- TASK DIRECTIONS -
Look through the entries below and copy exactly the part that begins with the line containing "heju studio architecture" and ends with the line containing "Bermuda Shorts Pants". Do not copy the pictures.

- STUDY MATERIAL -
────────────────────

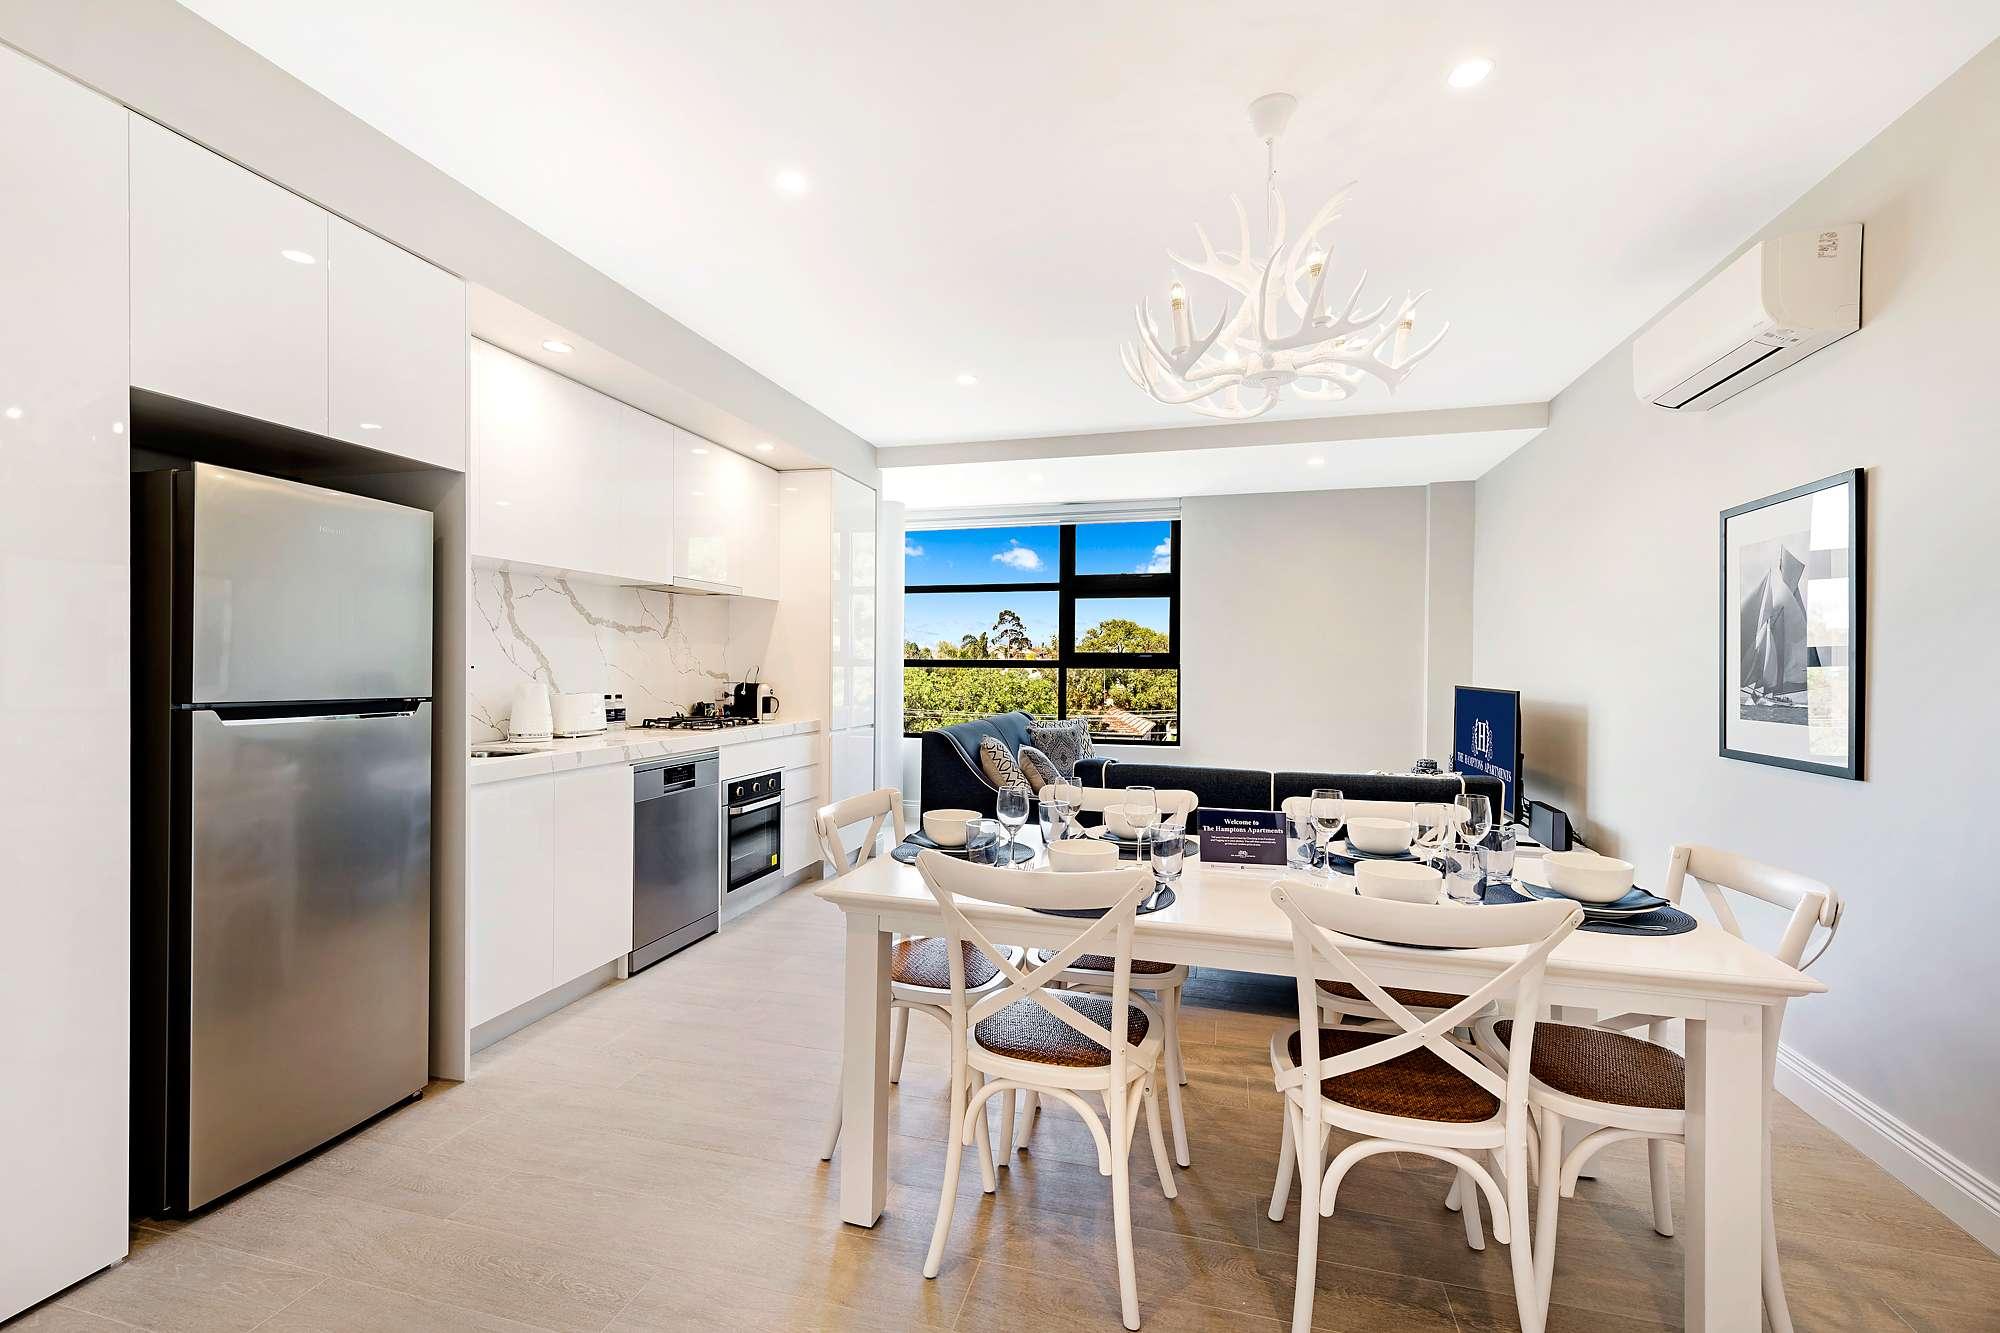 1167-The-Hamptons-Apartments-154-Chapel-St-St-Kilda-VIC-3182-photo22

────────────────────

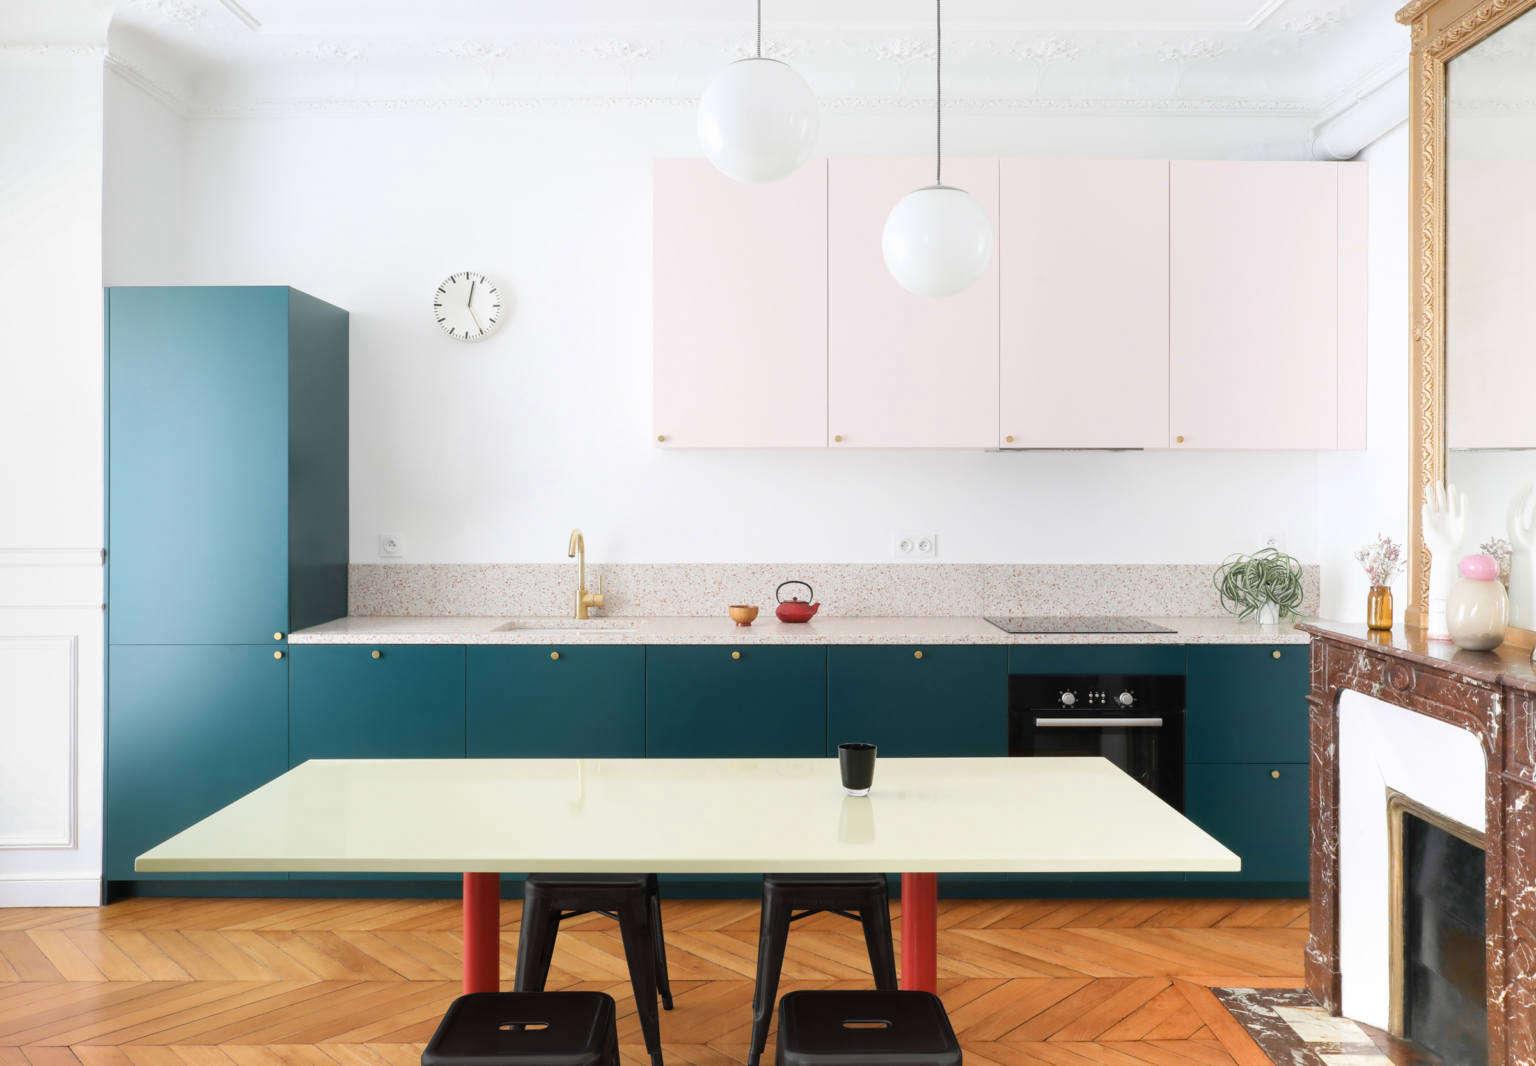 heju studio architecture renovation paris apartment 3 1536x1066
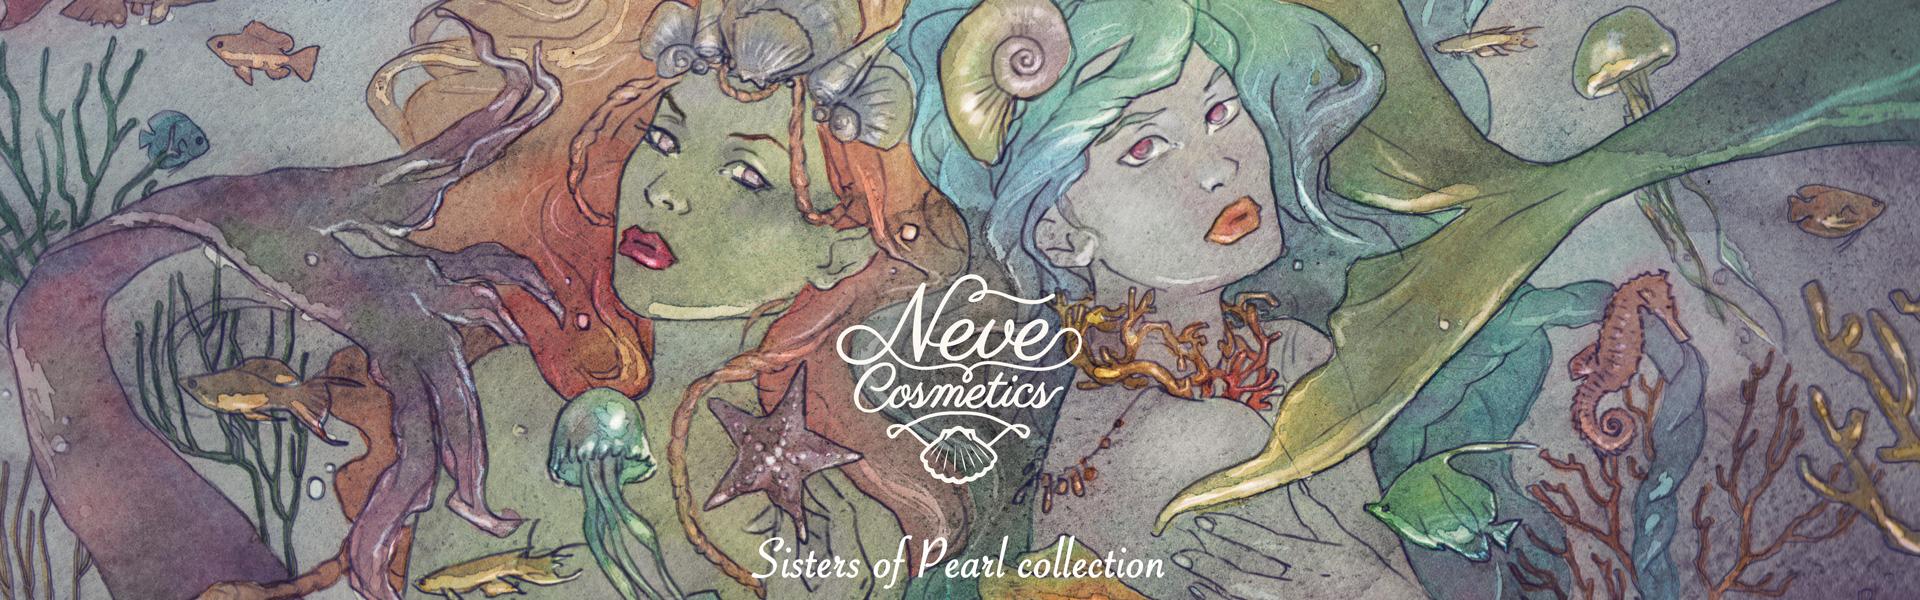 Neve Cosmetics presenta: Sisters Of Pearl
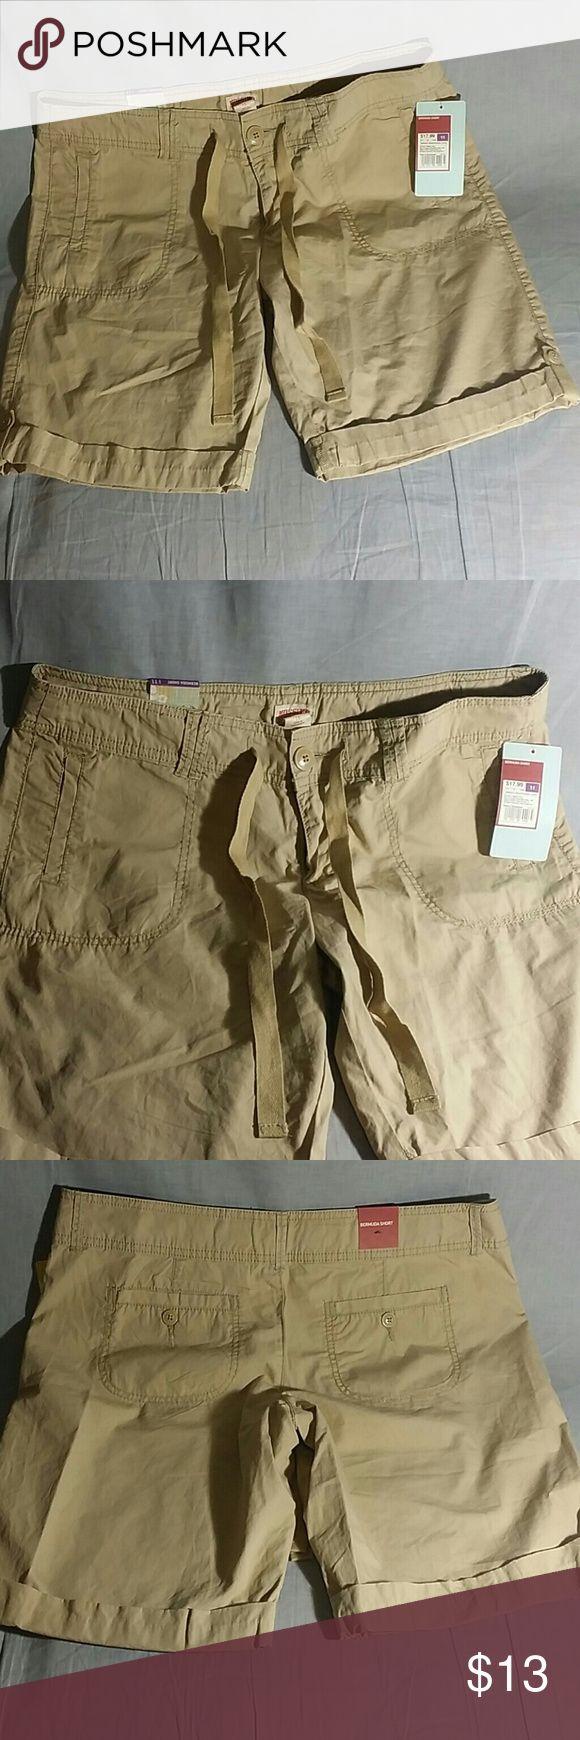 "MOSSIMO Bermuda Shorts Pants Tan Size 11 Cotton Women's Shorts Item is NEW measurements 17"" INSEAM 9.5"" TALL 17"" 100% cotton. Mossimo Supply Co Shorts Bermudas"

────────────────────

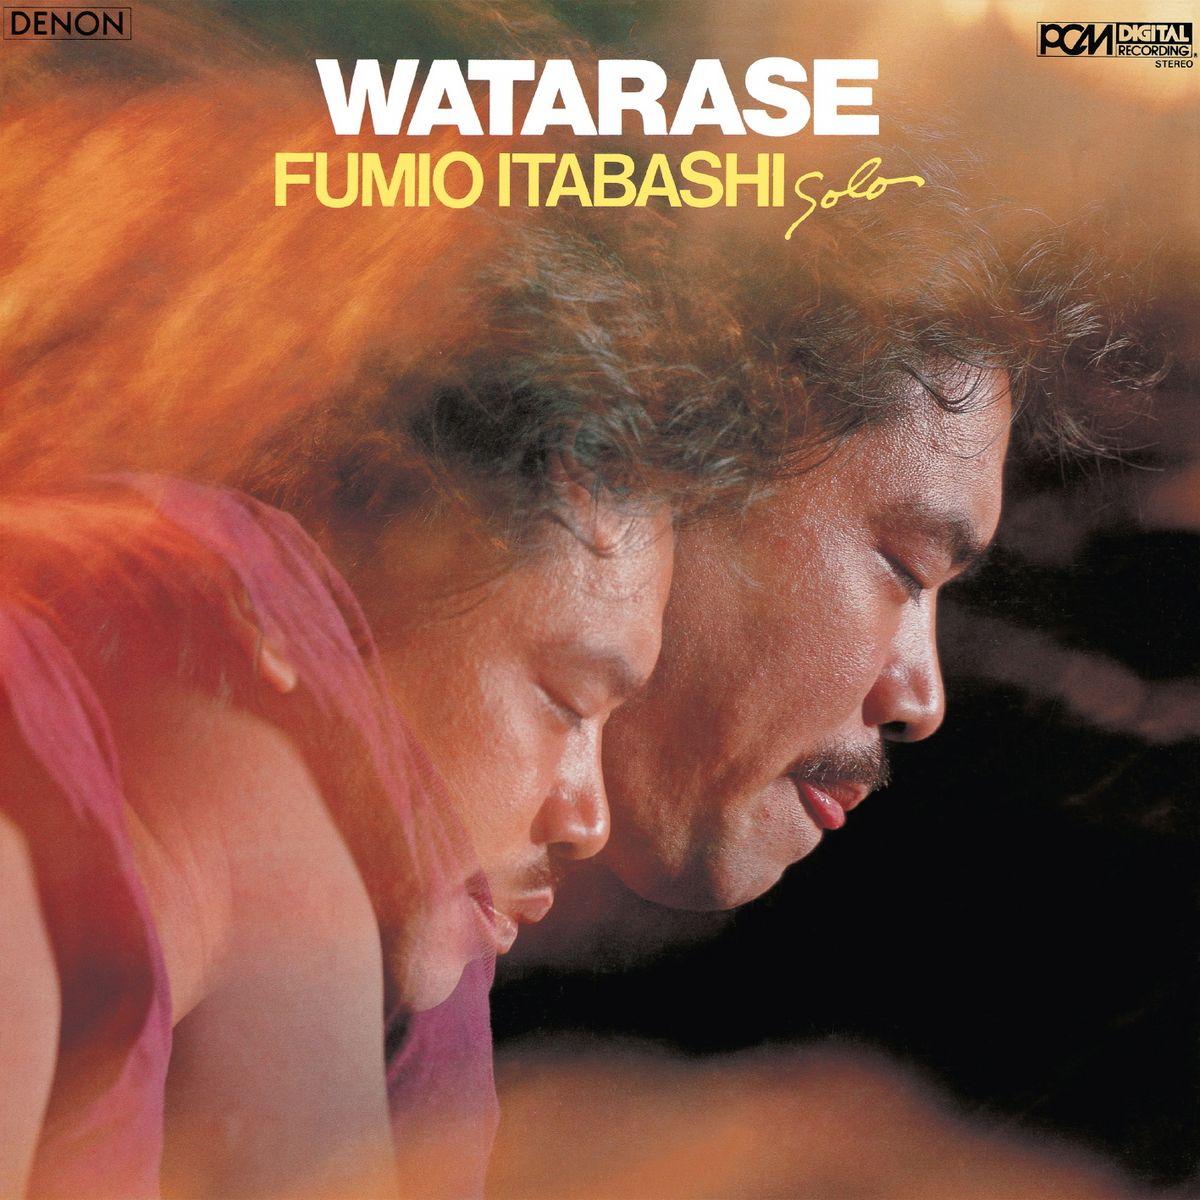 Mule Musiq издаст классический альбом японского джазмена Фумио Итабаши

────────────────────

- RESPONSE AREA -
 heju studio architecture renovation paris apartment 3 1536x1066
 Neve Cosmetics presenta: Sisters Of Pearl
 "MOSSIMO Bermuda Shorts Pants Tan Size 11 Cotton Women's Shorts Item is NEW measurements 17"" INSEAM 9.5"" TALL 17"" 100% cotton. Mossimo Supply Co Shorts Bermudas"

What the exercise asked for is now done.